I find all bee vac kill a lot of bees and make a sticky mess... which is why I seldom if ever use them anymore... I know a lot of you swear by them, but I just can't see the point.


----------



## Brandy (Dec 3, 2005)

I found that if I had the vac going while I removed the hose that I left alll the bees inside the bucket vs. pulling out those left in the hose and closing the trap door a little easier. 

Just my .02 cents.


----------



## knpeterson (May 18, 2009)

I have the owens bee vac too and the door is my only problem with it. I'm going to modify mine like you did. Thanks for sharing that tip. I don't like to use it much for the same reason Micheal stated. I just use it when I have no other choice. I used it last week and had too many dead bees.


----------



## Jeffrey Todd (Mar 17, 2006)

The Scotchman inside of me won't let me spend money on something that can be so easily made with materials most of us have on hand already. 
My homemade beevac, made usingidea s from the design on this website, works exceedingly well, and will not kill bees unless I am careless and use too much suction. To me, the beevac is the single most useful innovation in beekeeping to come along in the last 30 years. I have some outstanding colonies populated by bees that have all made the journey through the hose. 
It makes me feel a little bad that Michael Bush, who spends so much time and effort helping other beekeepers, is not a beneficiary of this development.


----------



## Michael Bush (Aug 2, 2002)

I don't see the point of a bee vac. I can get the bees to go where I want without one, so why kill them and strees them and get them sticky when I can brush them into the box, put the brood in the box and not worry about it? I can see getting that last little clutser after dark, I guess, but I usually just brush them onto a dustpan and dump them in...


----------



## wolfpenfarm (Jan 13, 2009)

I built one where i vac them up and they go directly into the hivebody. No bees killed. 
Just drop the tied up comb into it and they are back to work.
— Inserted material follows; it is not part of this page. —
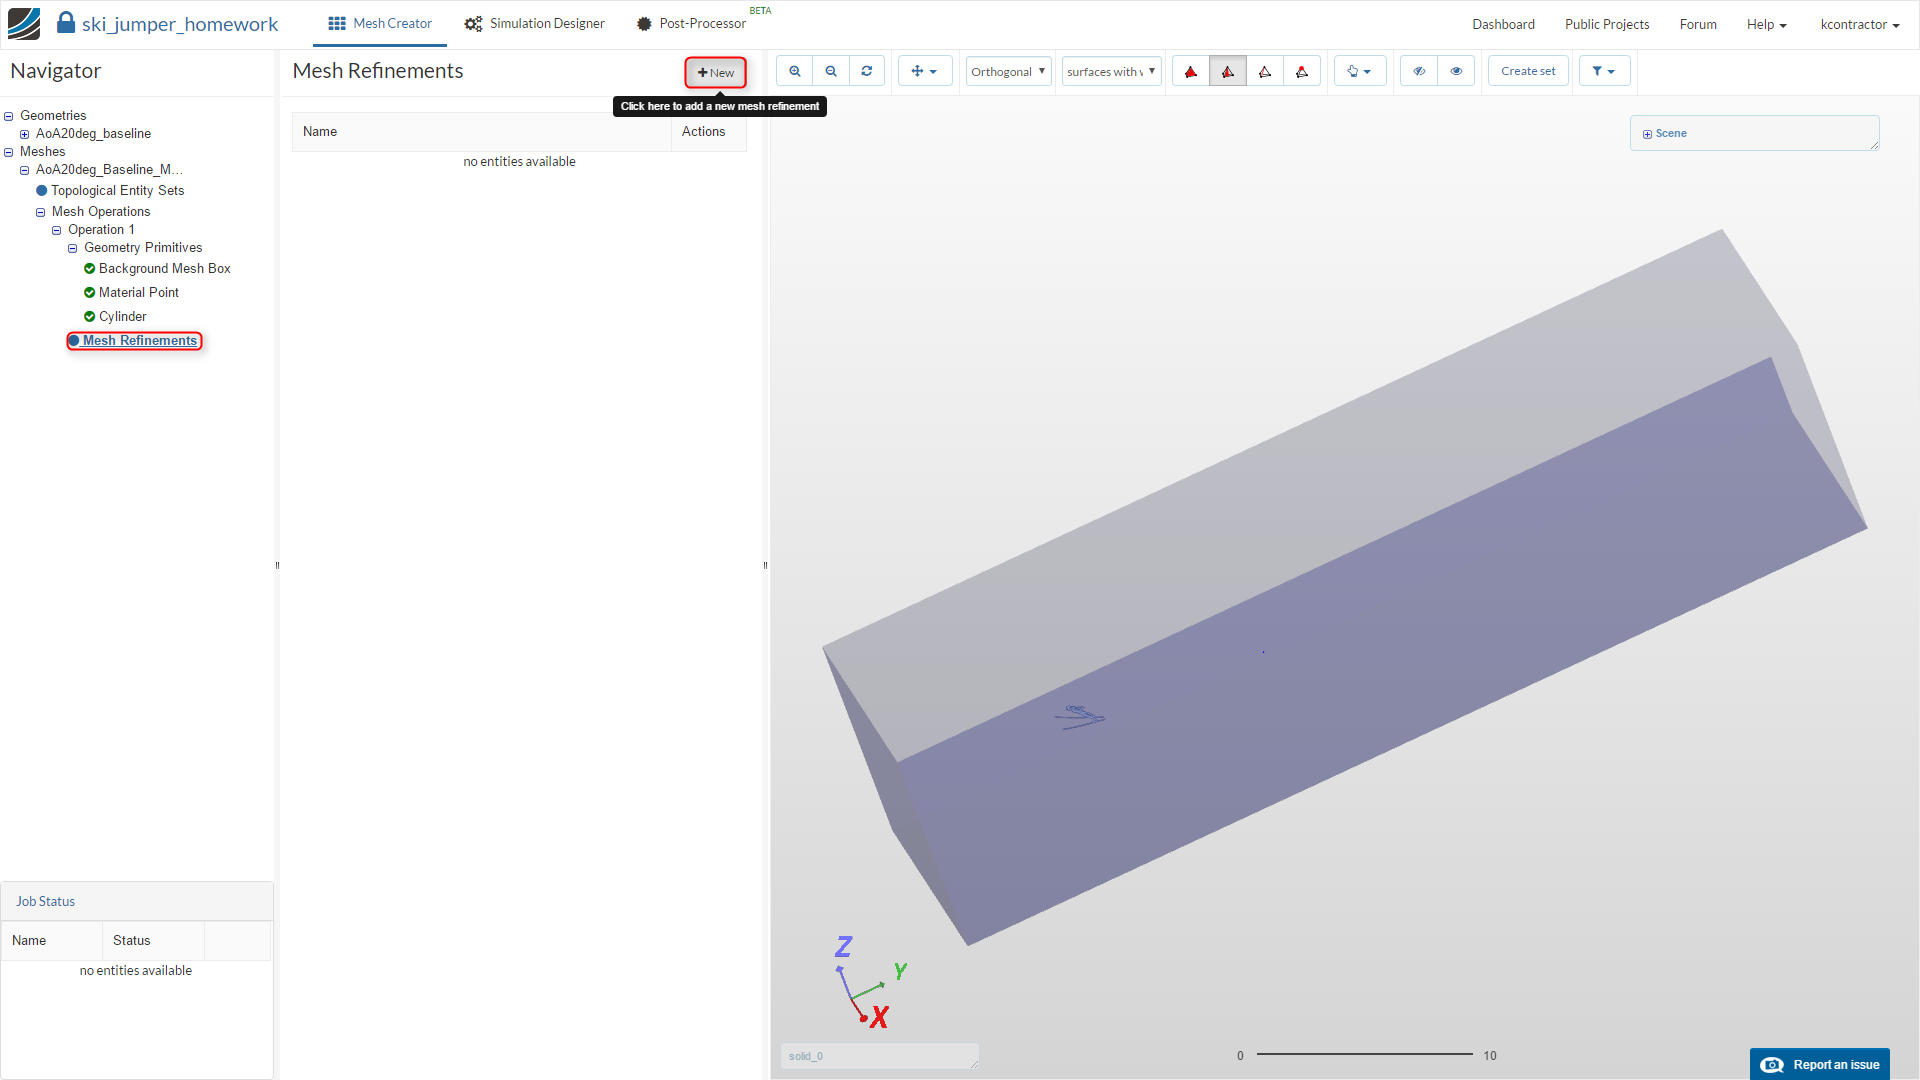 sports aerodynamics workshop homework step-by-step tutorial, meshing, mesh refinement

Michael, brushing them is ok, but i find the vac does help get them out of the way while cutting comb out.


----------



## Beekeeper's hubby (Jun 5, 2009)

I glued a dense foam air filter for a lawn mower for a crash pad in the cage and the condition of the bees after vacuum is much better.
Its great for cleaning up swarms or removing bees from comb. If you try to vacuum up full swarms the bees tend to stick together and plug the hose.


----------